The stems growing inwards block out light when leafed up and prevent the fruit ripening,

Next, decide how short you want to cut the stems you wish to keep for reforming your now SHRUB size plant, I would cut these remaining stems back to about 12 inches from the ground for this first year as you want to encourage nice new healthy stems to form a new growing / fruiting system,

At this time I would also fork over the soil ( NOT deep forking, but enough to break up the top soil) allowing rain and feed to get to the roots, these fruiting bushes like a well drained soil but make sure it also retains moisture so I add about 5/6 inches of manure / compost around the root area about 2/3 feet circle from main stems, don't place this medium against the stems thou, it may cause fungus or hiding place for grubs,
You would also be advised to add at Winter, high Potash feed and in spring when adding the manure / compost, add also a feed rich in Nitrogen or Sulphate of Ammonia, about 1 ounce sor each Square yard of ground covered,.

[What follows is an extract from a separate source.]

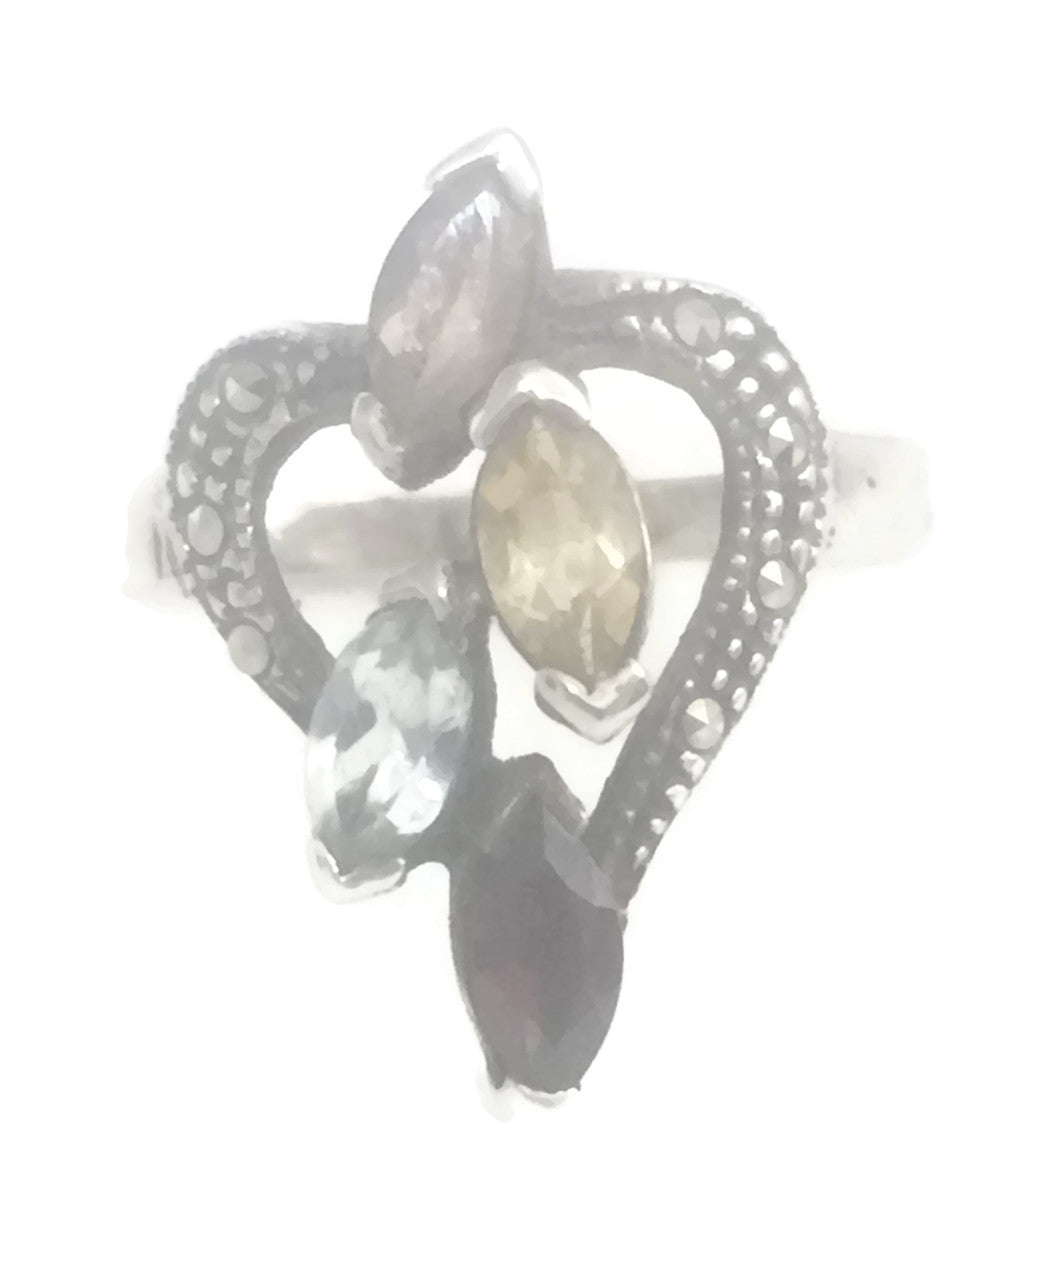 Heart Ring Marcasite Topaz Citrine Sterling Silver Ring Size 6.75

The next year after all your new shaping and feeding, all you should require is an annual prune to keep in reasonable shape, spring prune as before and feed as before each year, these shrubs will outgrow you and the ones I have are over 100 years as I took over an old garden, a few don't give out a lot of fruit now but they shelter the others from deer etc, with very little work, you get great rewards.
Good luck. WeeNel.

blomma

blomma
Wyoming, WY
(Zone 4a)

January 7, 2013
4:19 PM

Post #9378520

I grew a gooseberry bush until 3 years ago here in Wyoming. I got rid of it because I didnl't like the berries of this variety, purchased in Home Depot. They spread underground and I was afraid it would grow toward my irises. It got regular prunings every spring.

First prune out all dead branches down to soil level. Then cut out some older but live branches. Always cut just above an outside leaf bud, meaning a bud that is facing out away from the center of the bush. This goes goes for all plants. You want the center a bit open for aircirculation and for the sun to reach all branches to encourage formation of new growth.

By pruning wisely, you can make a shrub grow however you want. Always remember that leaf buds just under a cut will dictate the direction of a branch.